Some puzzles come as legacy and a great way to do sometimes interviews. In the past, I have written some innovative solutions when it comes to splitting strings inside SQL Server. One of them is at: SQL SERVER – Split Comma Separated List Without Using a Function. Though this is a good solution, many have some back to say this is not a clean or a native way to work with strings.

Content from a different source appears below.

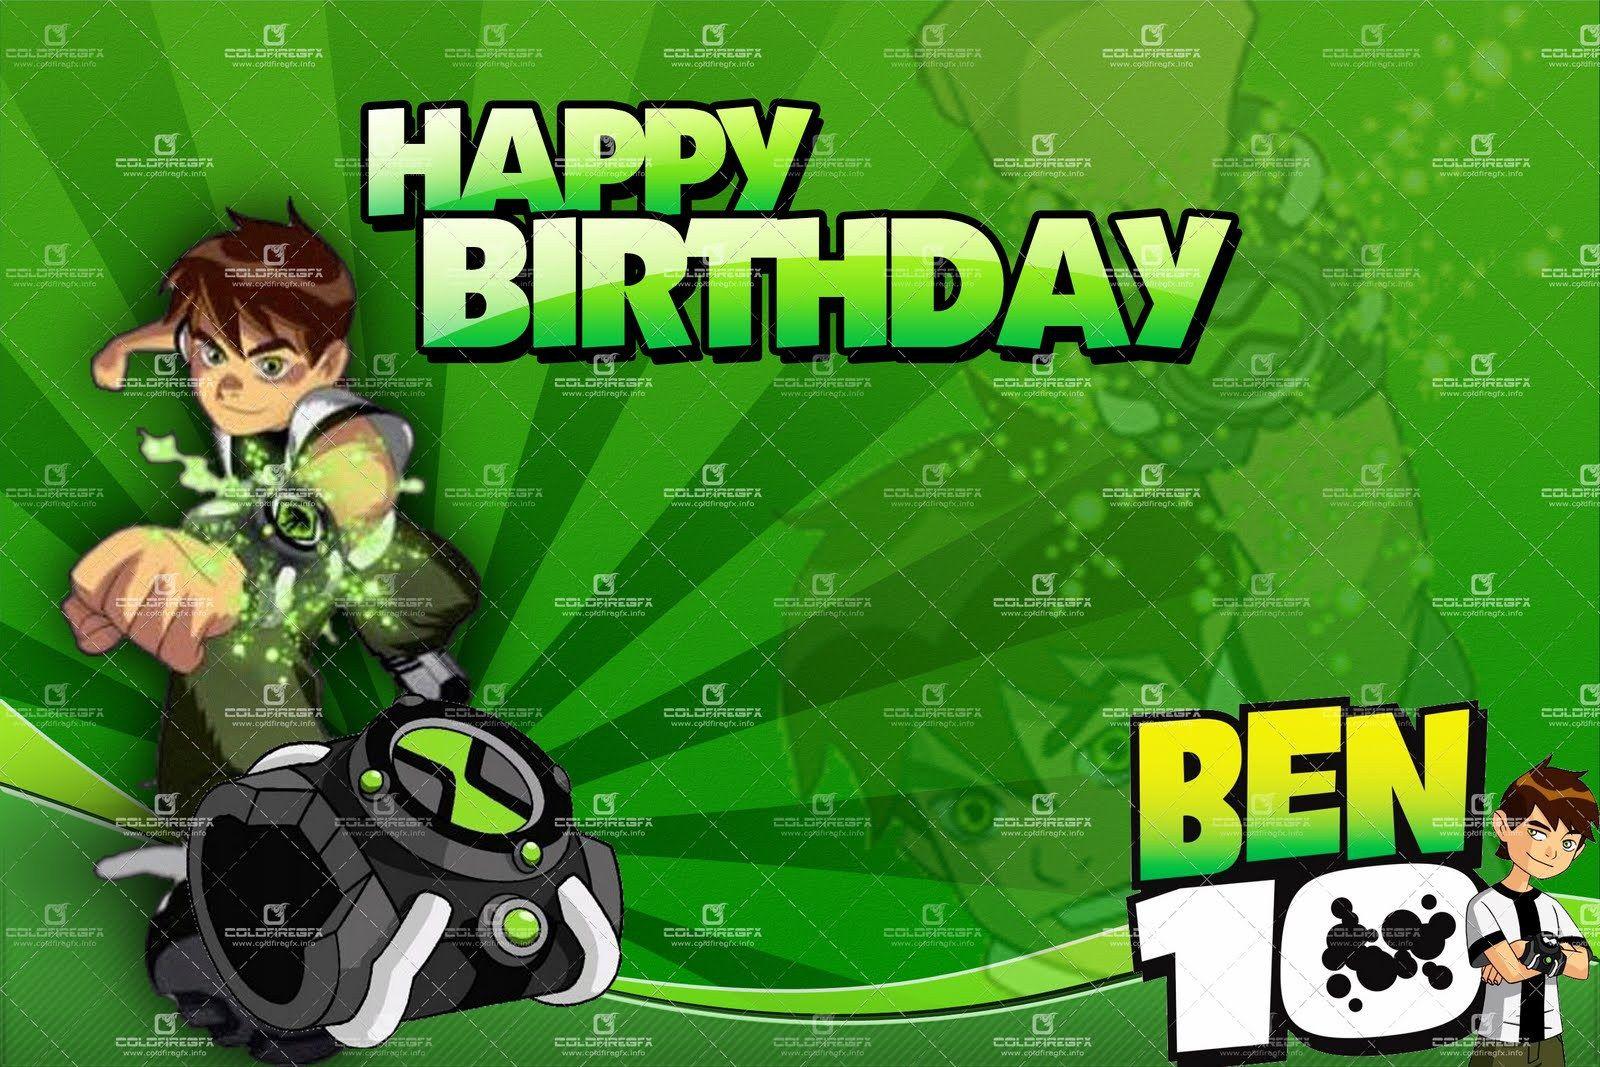 Birthday Card Psd Free Download July 2014 Ideas Ben 10 Birthday 10th Birthday Invitation Birthday Invitations

Let us learn about Splitting Strings puzzle.
Let me complicate this statement a bit and set the stage for you. Assume you have a column that has a delimited value inside it. Our requirement is to split the values and find out the count of values. So I am making the split string conversation into an aggregation too. Nothing fancy about this though.
Splitting Strings Puzzle
Let us set up the environment for testing.
USE tempdb GO -- Create a table CREATE TABLE SplitWithCount ( cols VARCHAR(100) ) GO -- Insert Some Value INSERT INTO SplitWithCount (cols) VALUES ('Pinal;Dave;Kumar'),('Pinal;Dave'),('Pinal') GO -- Retrieve data SELECT * FROM SplitWithCount GO
What we want to achieve is to get an output as shown below:
The puzzle here is to see who can bring a simple code to achieve this above requirement.
Welcome 2016:
Interestingly, we have had a note around using STRING_SPLIT function inside SQL Server and it has been documented here: SQL SERVER 2016 – STRING_SPLIT Function Performance Comparison – Notes from the Field #118. If you are on SQL Server 2016 then we can easily do this using the following statement.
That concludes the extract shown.